Boat owners who rent moorage at Cultus Lake Resort were informed late Tuesday night to remove their boats. Wednesday morning, we watched several people leave the area while fire crews rushed in to protect Cultus Lake Resort.

“It looks like, from what we heard from the Forest Service, it burned Irish-Taylor last night and is burning its way down to Little Cultus,” said Pete Robertson, Bend. “From what they said, all they can do is try to protect Cultus Lake Lodge.” 

RELATED: Updated ‘Go Now’ evacuations include long stretch of Cascade Lakes Highway

RELATED: Earlier, aggressive attack on Cedar Creek Fire not necessarily possible

Wednesday afternoon, the Deschutes County Sheriff’s Office issued a “Go Now” evacuation notice for all campgrounds around Crane Prairie Reservoir, the northwest side of Wickiup reservoir and areas south of the 6 Lakes Trails and Little Lava Lake.

Cedar Creek Fire Brasada Ranch
Cedar Creek fire from Powell Butte (Brasada Ranch) on Sept. 7, 2022. (CREDIT: Tom Credelle)

The Cascade Lakes Highway is closed from Deschutes Bridge all the way south to the Klamath County line.

There were no evacuation notices in place when I visited Crane Prairie Reservoir Wednesday morning but resort staff were taking precautions by starting up their 40 year old fire truck.

“Getting our game plan of what we need. Getting our fire truck ready. Filling it with water,” said Zach Burns, Crane Prairie Resort. “Making sure we have a steady ear to the ground so we know what to do if things go south so that we can inform everybody on what’s going on and get people out of here and get our boats and everything out.

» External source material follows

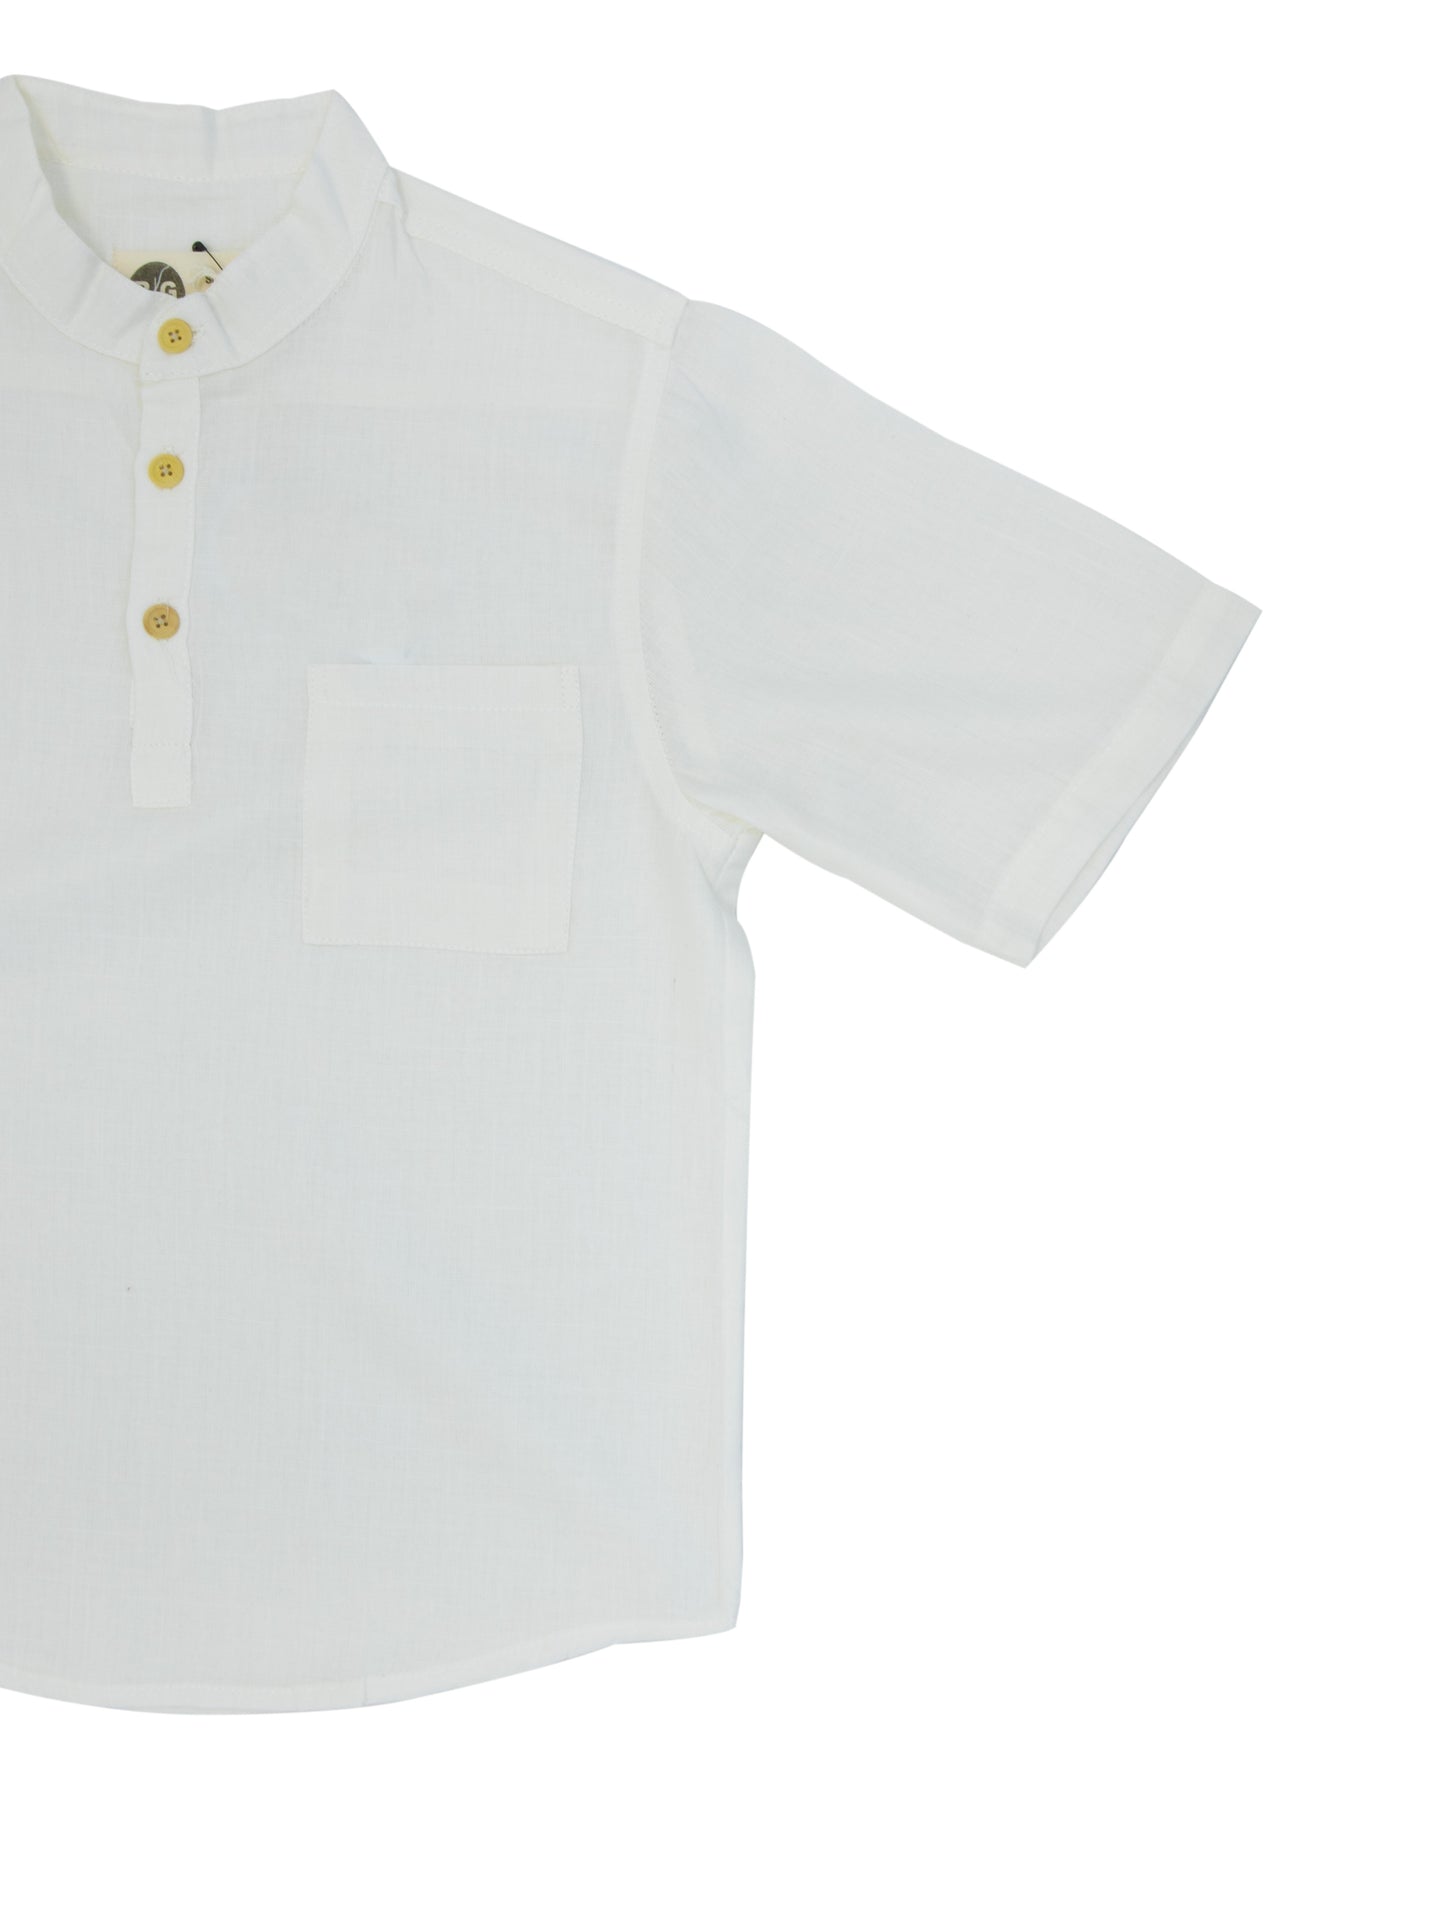 Детская летняя рубашка с воротником из 100% льняной ткани

Level 2 “Be Set” evacuation notices are now in effect for Lucky Butte, Williamson Mountain, Winopee, Snowshoes, Senoj, Big Finger, Upper Snowshoes, Long, Puppy, Leech, Goldeney and Lucky Lakes. Late Wednesday, the Level 2 was extended to the area around South and North Twin Lakes west of Forest Road 4262 including Twin Lakes Lodge, Gull Point Campground, North Wickiup Campground and Sheep Bridge Campground.

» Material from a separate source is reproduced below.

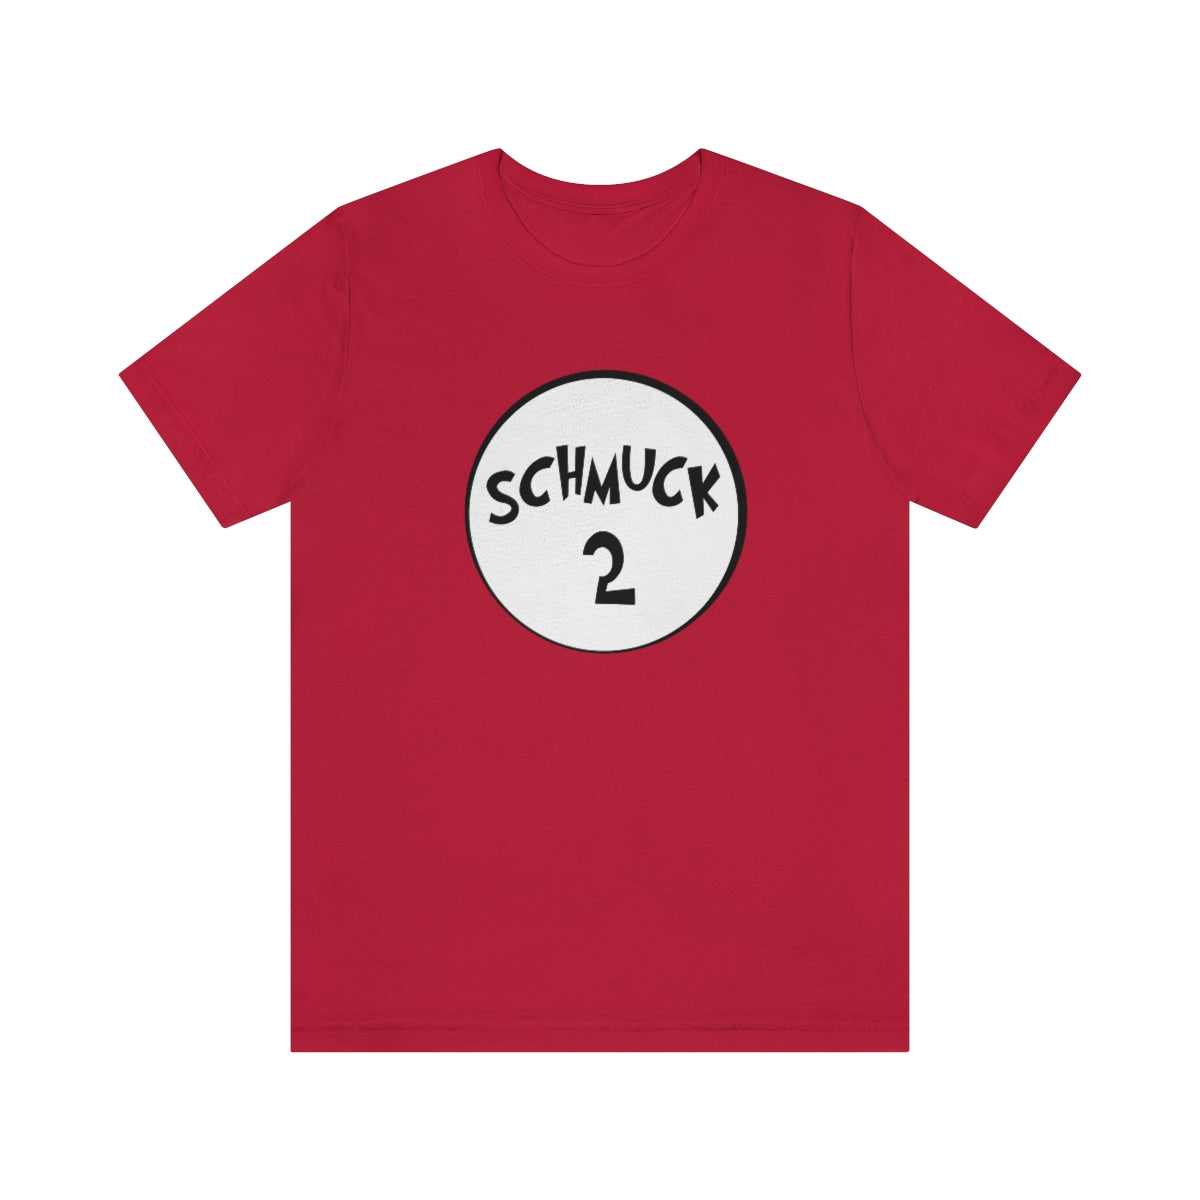 Schmuck 2 T-Shirt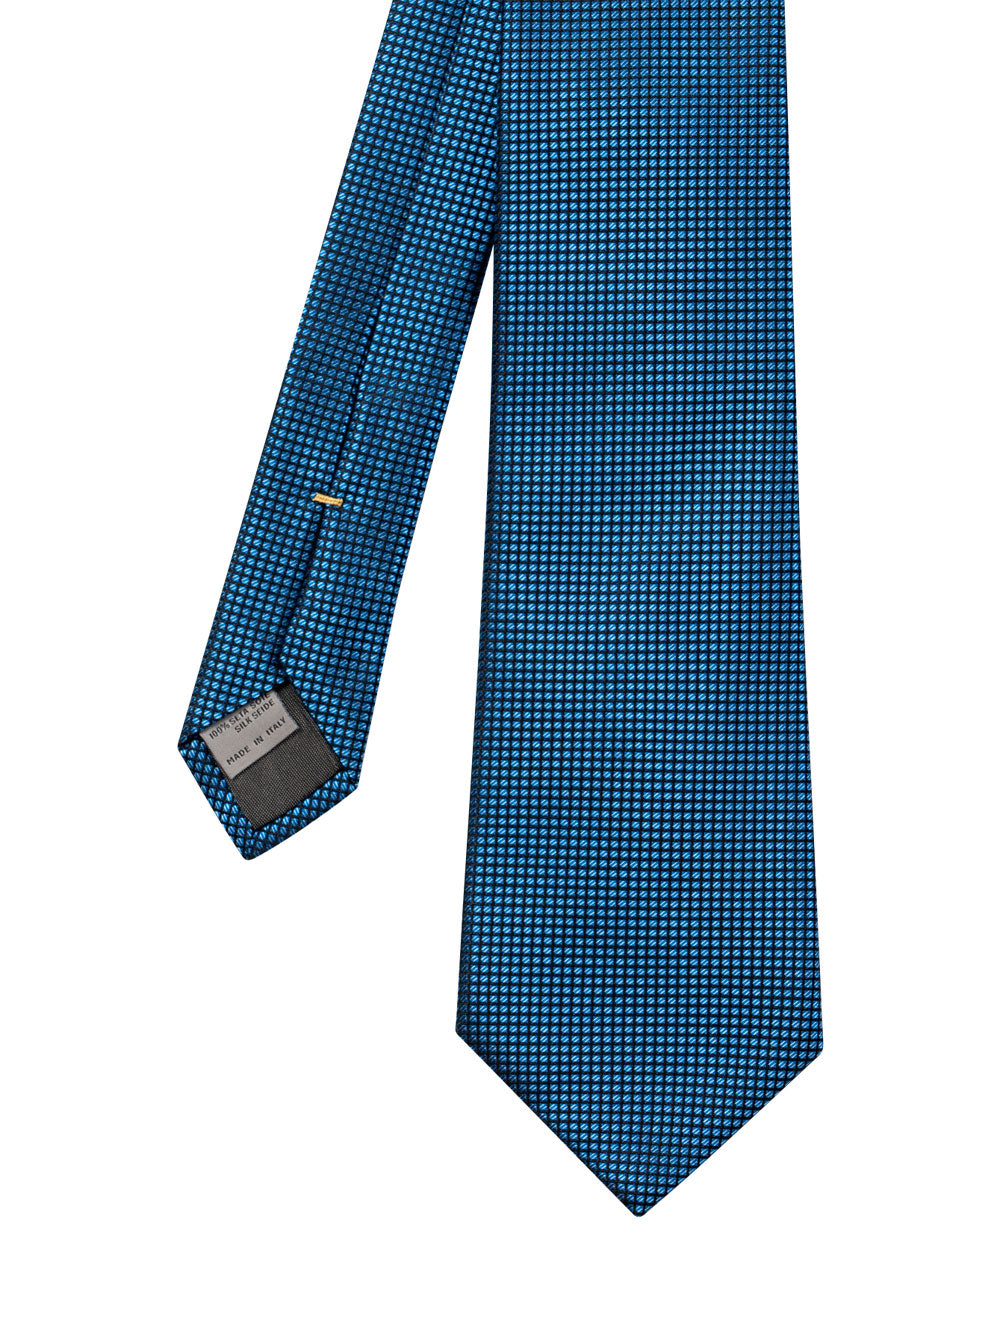 Silk tie with jacquard

Areas around the Lava Lakes are on Level 1 “Get Ready” notice.

“It’s going to be heartbreaking to go back there and see it’s all black,” Robertson said.

▶️ Labor Day visitors not deterred by smoke from Cedar Creek Fire

Heavy smoke and close proximity to fires did not deter Labor Day weekend visitors to the Cascade lakes. 

“We were surprisingly busy. People still enjoyed the lake,” said Kate Dunn, Cultus Lake Resort owner. “The smoke tended to roll in and out. There were parts of the day it was fairly smoky and there were times it was clear as a bell. I think people still had a lot of fun up here.”

Matt Justason and his family camped for the weekend at Cultus Lake. He said the smell of smoke from the nearby Cedar Creek Fire was no more noticeable than his own campfire.

“The water is still nice and clear and cool. The beer still tastes good.”

“We went on the lake and we tubed. We went really fast. It was really fun,” said Justason’s children and cousins. “We went over some big waves. We made some forts out of wood.”

RELATED: Cedar Creek Fire closes some areas of Deschutes National Forest

RELATED: Cowboy Fire near Prineville stopped at 204 acres, evacuations dropped

“It was pretty smoked in right when we got here Saturday afternoon,” said Jack Powell from Portland. He waited to come up until it was clear the Oregon Ducks were going to lose their season opener to Georgia.

“We were on the fence. Should we stay? Should we go to Elk Lake where it’s not as smoky? We hung around for an hour and the smoke blew out so we decided to stay.”

I found Brian Schaffer cleaning a wake boat and preparing to tow it back to his business, Central Oregon Rentals. 

“We have jet skis. We have pontoon boats that were up here all weekend and nobody complained about anything. Sure, there was a little smoke off and on but for the most part nobody complained.”

The Cedar Creek Fire is eight air miles from Cultus Lake. 

There is a Level 1 “Get Ready” evacuation notice in effect on the west end of Cultus Lake. All those people who boat in to the west end campgrounds have been notified.

Numerous nearby trails and forest roads that head west from Cultus Lake toward Waldo Lake, including the Irish-Taylor Road, are closed due to growth of the Cedar Creek Fire.